Target
I have a Pandas data frame, as shown below, with multiple columns and would like to get the total of column, MyColumn.
Data Frame – df:
print df
X MyColumn Y Z 0 A 84 13.0 69.0 1 B 76 77.0 127.0 2 C 28 69.0 16.0 3 D 28 28.0 31.0 4 E 19 20.0 85.0 5 F 84 193.0 70.0
My attempt:
I have attempted to get the sum of the column using groupby and .sum():
Total = df.groupby['MyColumn'].sum() print Total
This causes the following error:
TypeError: 'instancemethod' object has no attribute '__getitem__'
Expected Output
I’d have expected the output to be as followed:
319
Or alternatively, I would like df to be edited with a new row entitled TOTAL containing the total:
X MyColumn Y Z 0 A 84 13.0 69.0 1 B 76 77.0 127.0 2 C 28 69.0 16.0 3 D 28 28.0 31.0 4 E 19 20.0 85.0 5 F 84 193.0 70.0 TOTAL 319
Answers:
Thank you for visiting the Q&A section on Magenaut.
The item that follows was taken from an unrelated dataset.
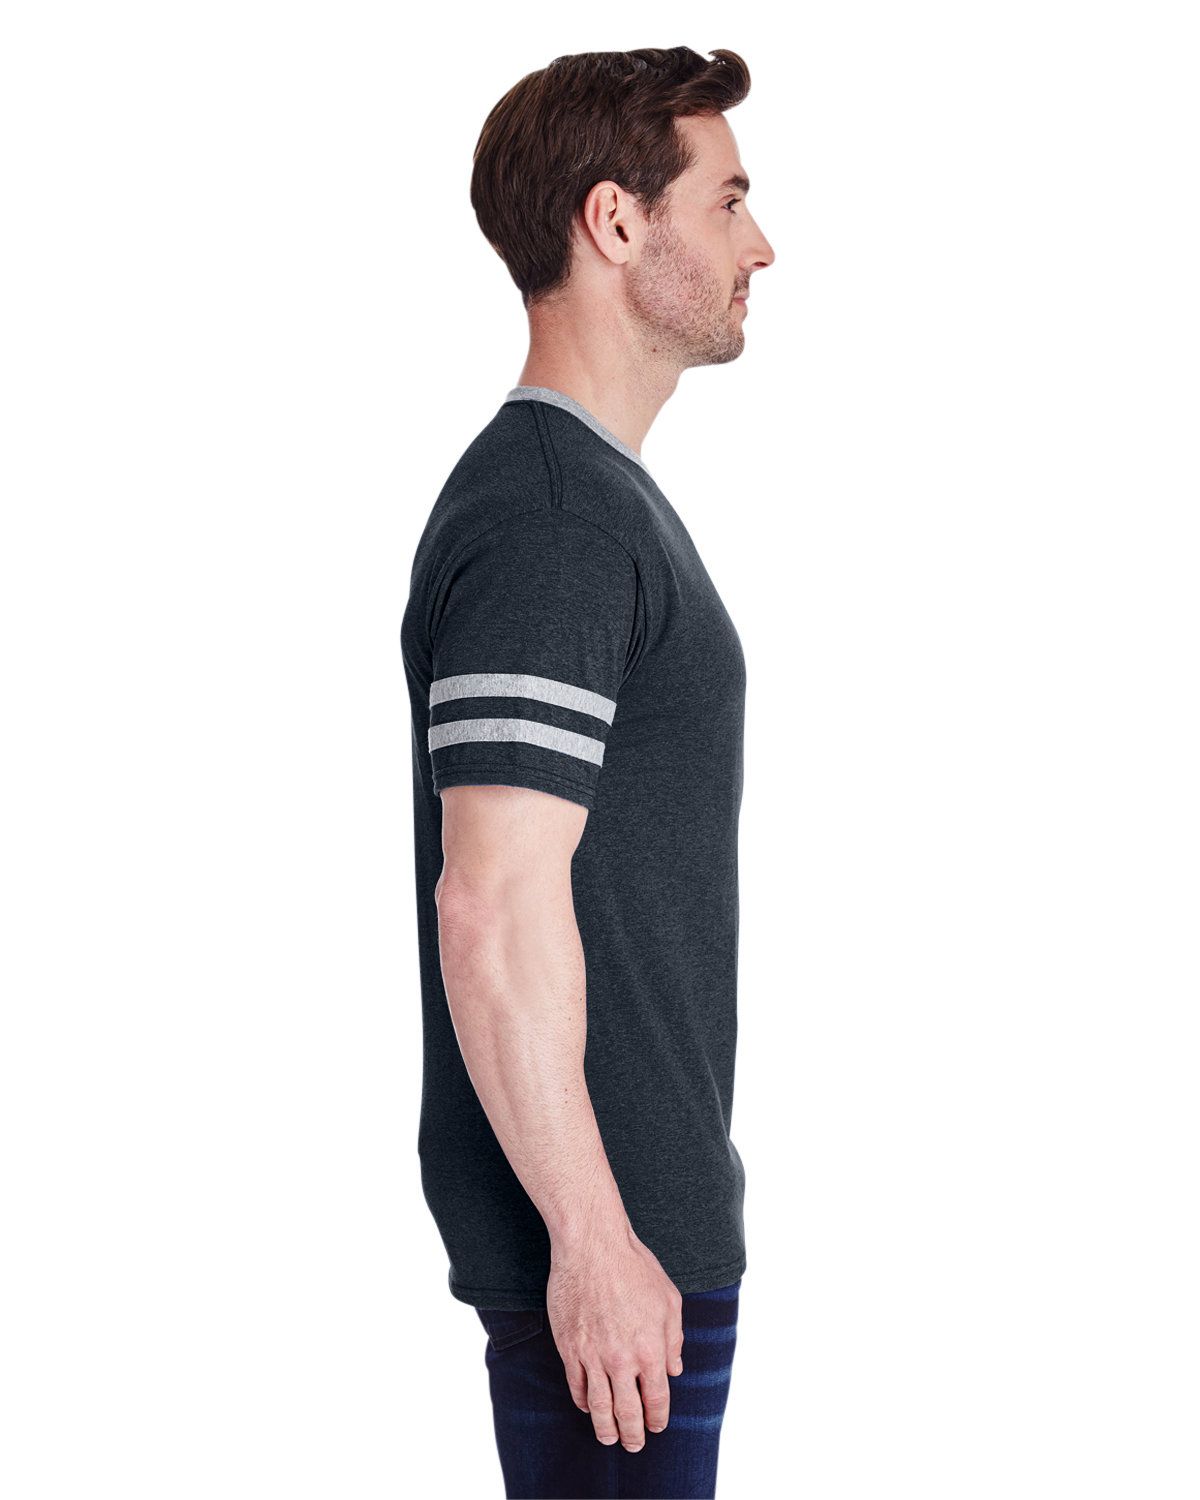 'Jerzees 602MR Adult TRI-BLEND Varsity Ringer T-Shirt'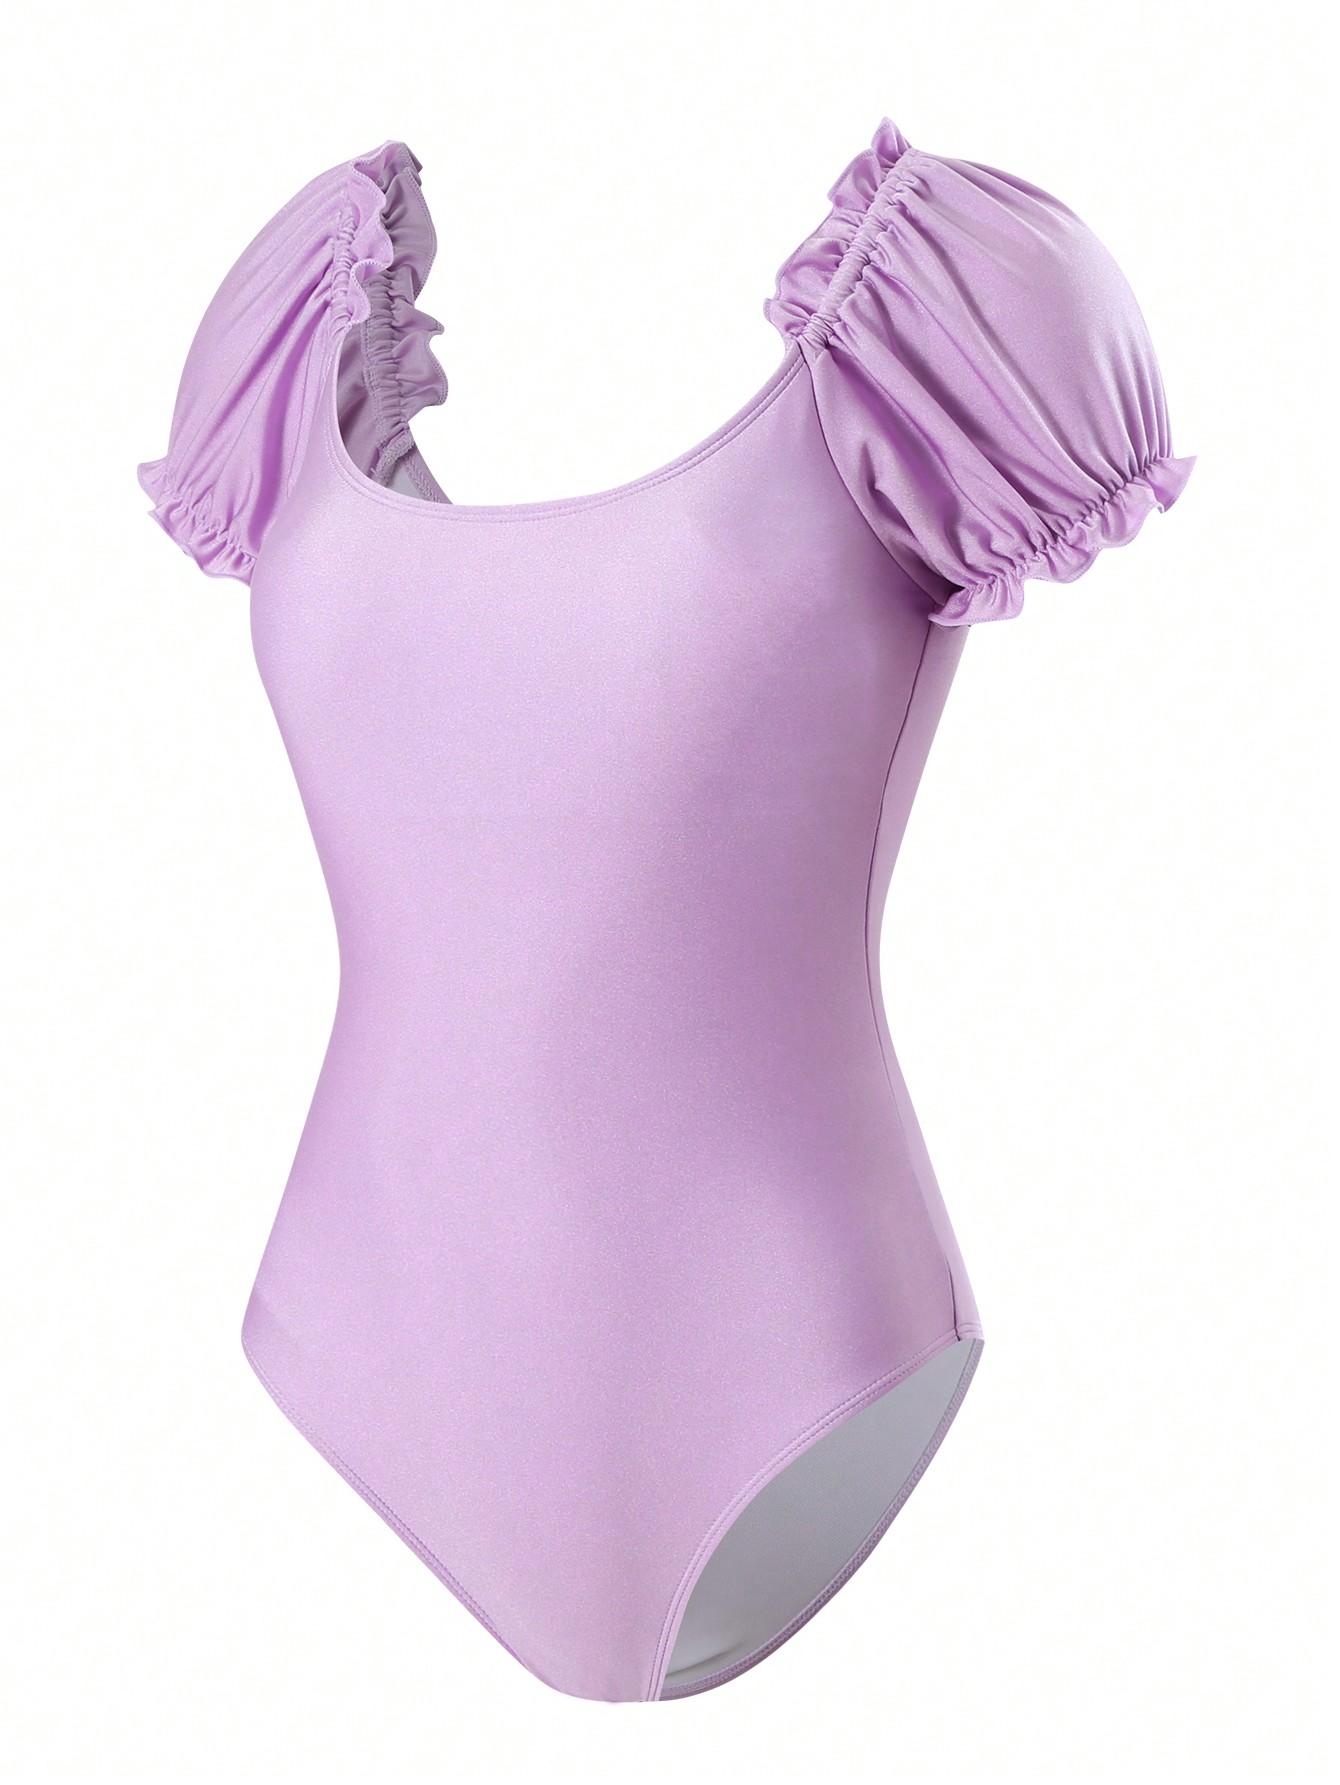 fioletowy jednoczęściowy strój kąpielowy połysk

Please note that all the answers may not help you solve the issue immediately. So please treat them as advisements. If you found the post helpful (or not), leave a comment & I’ll get back to you as soon as possible.
Method 1
You should use sum:
Total = df['MyColumn'].sum() print (Total) 319
Then you use loc with Series, in that case the index should be set as the same as the specific column you need to sum:
df.loc['Total'] = pd.Series(df['MyColumn'].sum(), index = ['MyColumn'])
print (df)
X MyColumn Y Z
0 A 84.0 13.0 69.0
1 B 76.0 77.0 127.0
2 C 28.0 69.0 16.0
3 D 28.0 28.0 31.0
4 E 19.0 20.0 85.0
5 F 84.0 193.0 70.0
Total NaN 319.0 NaN NaN
because if you pass scalar, the values of all rows will be filled:
df.loc['Total'] = df['MyColumn'].sum()
print (df)
X MyColumn Y Z
0 A 84 13.0 69.0
1 B 76 77.0 127.0
2 C 28 69.0 16.0
3 D 28 28.0 31.0
4 E 19 20.0 85.0
5 F 84 193.0 70.0
Total 319 319 319.0 319.0
Two other solutions are with at, and ix see the applications below:
df.at['Total', 'MyColumn'] = df['MyColumn'].sum()
print (df)
X MyColumn Y Z
0 A 84.0 13.0 69.0
1 B 76.0 77.0 127.0
2 C 28.0 69.0 16.0
3 D 28.0 28.0 31.0
4 E 19.0 20.0 85.0
5 F 84.0 193.0 70.0
Total NaN 319.0 NaN NaN
df.ix['Total', 'MyColumn'] = df['MyColumn'].sum()
print (df)
X MyColumn Y Z
0 A 84.0 13.0 69.0
1 B 76.0 77.0 127.0
2 C 28.0 69.0 16.0
3 D 28.0 28.0 31.0
4 E 19.0 20.0 85.0
5 F 84.0 193.0 70.0
Total NaN 319.0 NaN NaN
Note: Since Pandas v0.20, ix has been deprecated. Use loc or iloc instead.
Method 2
Another option you can go with here:
df.loc["Total", "MyColumn"] = df.MyColumn.sum() # X MyColumn Y Z #0 A 84.0 13.0 69.0 #1 B 76.0 77.0 127.0 #2 C 28.0 69.0 16.0 #3 D 28.0 28.0 31.0 #4 E 19.0 20.0 85.0 #5 F 84.0 193.0 70.0 #Total NaN 319.0 NaN NaN
You can also use append() method:
df.append(pd.DataFrame(df.MyColumn.sum(), index = ["Total"], columns=["MyColumn"]))
Update:
In case you need to append sum for all numeric columns, you can do one of the followings:
Use append to do this in a functional manner (doesn’t change the original data frame):
# select numeric columns and calculate the sums
sums = df.select_dtypes(pd.np.number).sum().rename('total')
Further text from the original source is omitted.